Plan on Going Home Tonight
Do you plan on going home tonight?
It’s probably something you don’t really consider as you go about your day. And if someone asked you, you might think, “What a weird question,” and then say, “Yes, of course.”
But stop for a moment. Think about those words: Do you plan on going home tonight? You come to work, you do the job, and then you walk back out that door to go home. But in between entering and leaving, you did what? Hoped you would make it home?
Hope is not a plan. In fact, not having a plan is exactly what puts us on the path to an accident. So often we hear someone say, “I wasn’t planning to have an accident,” yet they are still happening. So, if we are planning on going home tonight but accidents keep happening, where is the disconnect?
You see, when we plan, we improve the probability that we can achieve what we want. We plan our vacations, we plan our holidays, we plan for our retirement and so forth. When we drive, we plan for potential slippery road conditions, traffic and work zones. At work, we have work plans, strategic plans, training plans, emergency action plans … you get the idea. In fact, conducting a job briefing is a plan for how we are going to do the job. And yet I doubt you have ever thought, “If I follow all of the actions in this job briefing, I know I can go home tonight.” We just don’t think of it that way. The point is, we are making a lot of plans every day. But are you planning to go home tonight?
If having a plan improves the outcome, then why wouldn’t we have a plan to make sure we go home tonight? Why aren’t we asking ourselves every day, “What is my plan to ensure I go home tonight?” It’s not about what you have to do or that someone is making you perform these actions. This is about your safety!
A Three-Step Plan
We just can’t leave our safety to chance anymore. The safe actions you perform today will take you home tonight. Now it’s time to make your three-step going-home plan.
Step 1: Complete this statement as you enter the doors of your workplace and begin your workday: I plan on going home tonight and this is why: Today, I am going to ______________.
You can fill in the blank with statements such as:
- Conduct a walkaround of my vehicle before I move it each time.
- Put on my chainsaw chaps anytime I use a chainsaw.
- Follow all the steps for de-energizing a line.
Step 2: Share your plan with your peers by selecting one of the two methods below:
- At the start of each day, during your job briefing, have each crew member state what their going-home plan is for the day. Then work to hold each other accountable.
- Ask one person each day to share their going-home plan during the job briefing, and then all crews commit to doing that action for the entire day.

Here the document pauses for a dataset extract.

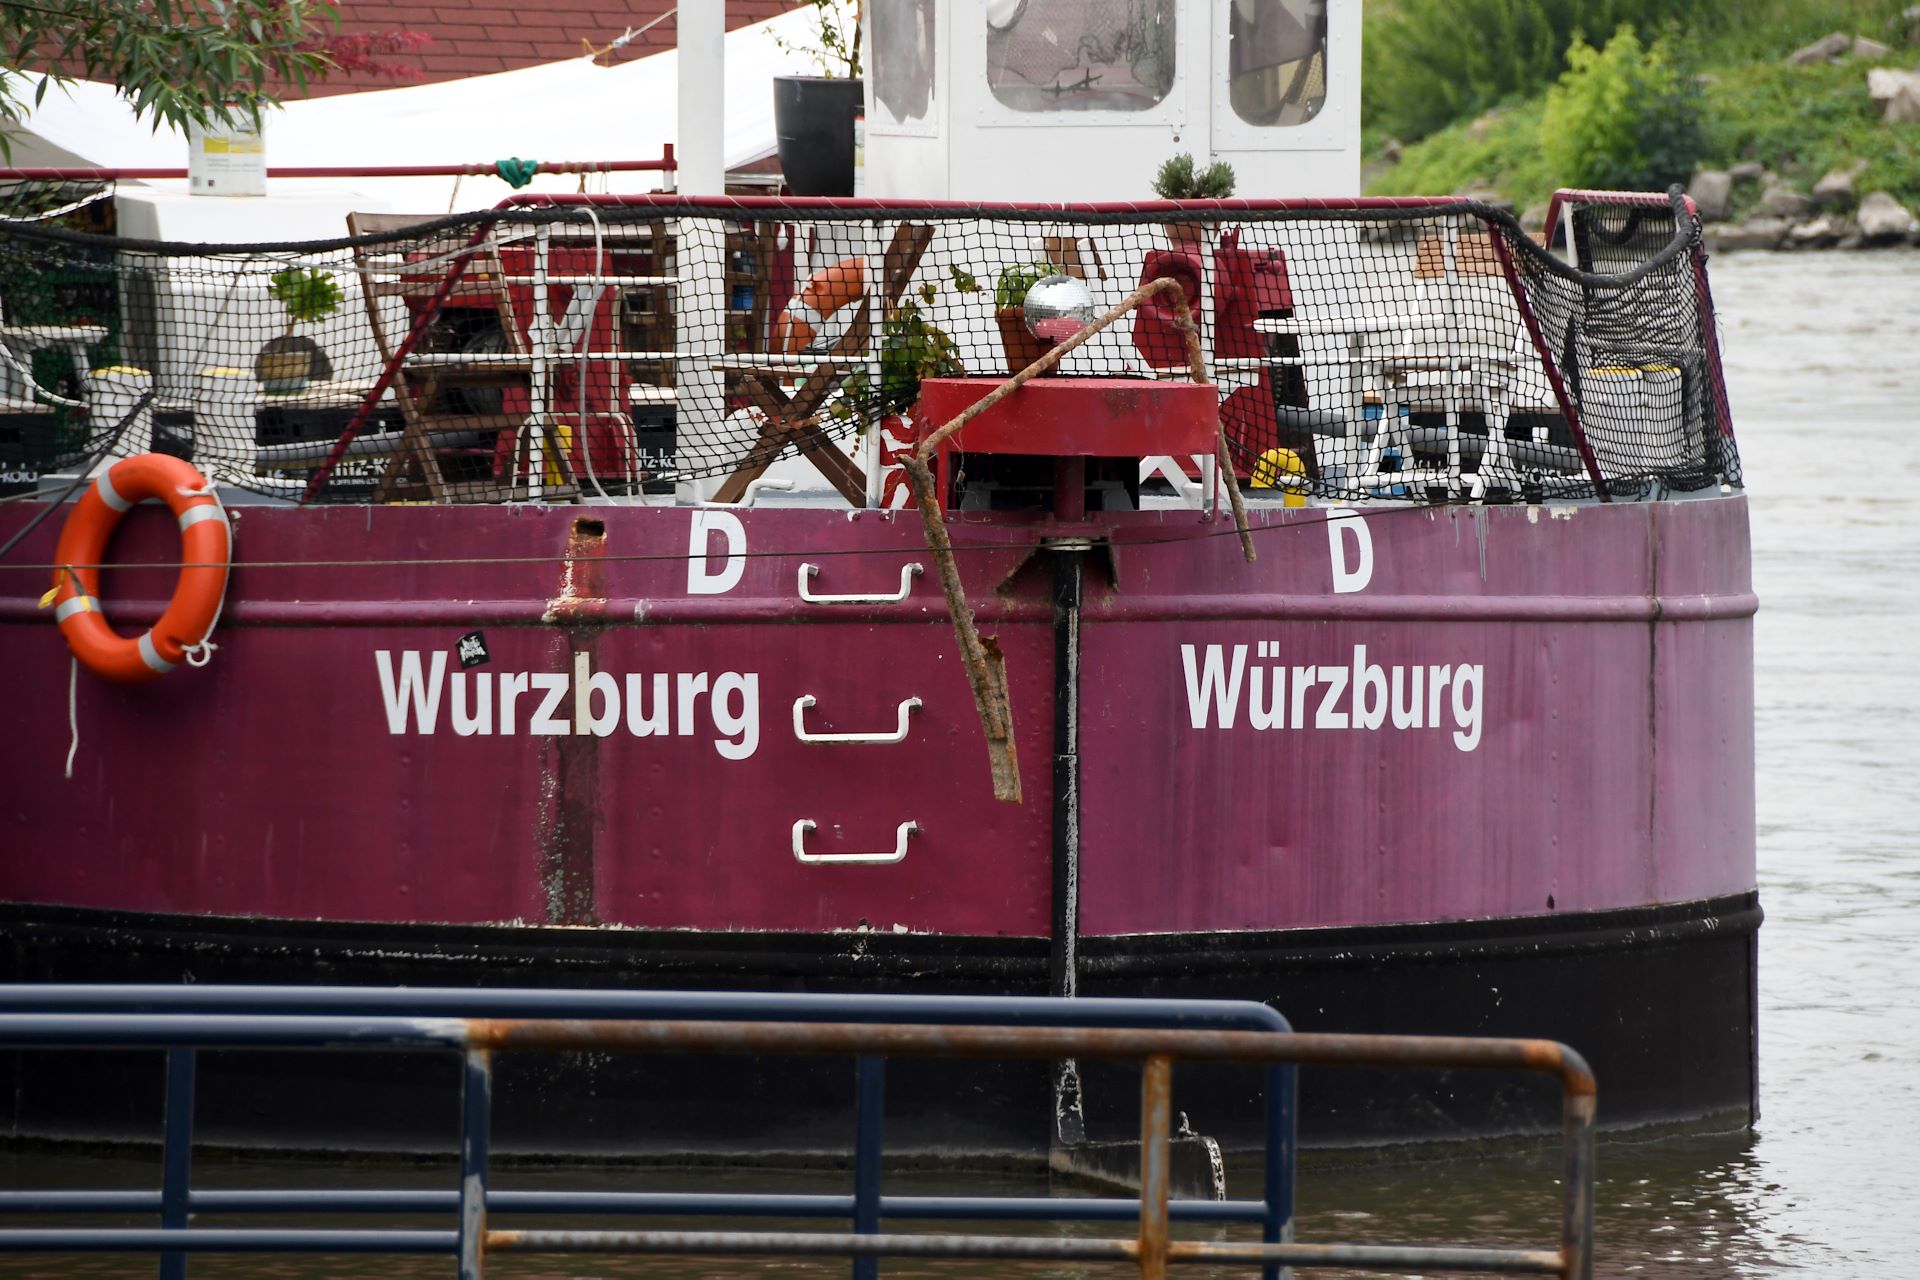 ww:2018-wuerzburg:2018-06-15-wuerzburg-657b.jpg

Step 3: At the end of the day, check in with yourself and think back on how you did. Evaluate if it was difficult to perform the specific action for the entire day. If so, it might be a clue that you have drifted from a safe work practice. This awareness can remind you of what you need to work on and bring forth a renewed commitment to your personal safety.
If we can implement our going-home plan, then we can slowly change our work practices into safer work practices. It’s not that you aren’t already being safe; it’s all about having you be safer. In fact, your going-home plan actions are probably not something new or revolutionary. Most likely they are actions you are already doing or are supposed to do; they are your safety rules. However, we are human and complacency sets in; we drift. We may not be following all of the rules all of the time. By implementing a going-home plan, you can begin to acknowledge if some form of complacency is present and change that before an accident happens.
Having a going-home plan resets your safety actions because now you are making plans to go home tonight. You aren’t leaving it to chance anymore. Instead, you are thoughtful about your going-home plan each and every day. So, when someone asks you if you plan on going home tonight, you can reply, “Absolutely! And here is what I’m going to do to ensure that happens …”
About the Author: Lidia Dilley Jacobson is the director of safety and loss control for the Minnesota Rural Electric Association, which serves 50 rural electric cooperatives in Minnesota. She is an experienced safety professional with 36 years in the industries of explosives, nuclear and electricity, and her work has involved technical, compliance-based and managerial responsibilities. Jacobson’s last 16 years have been focused on the electrical industry.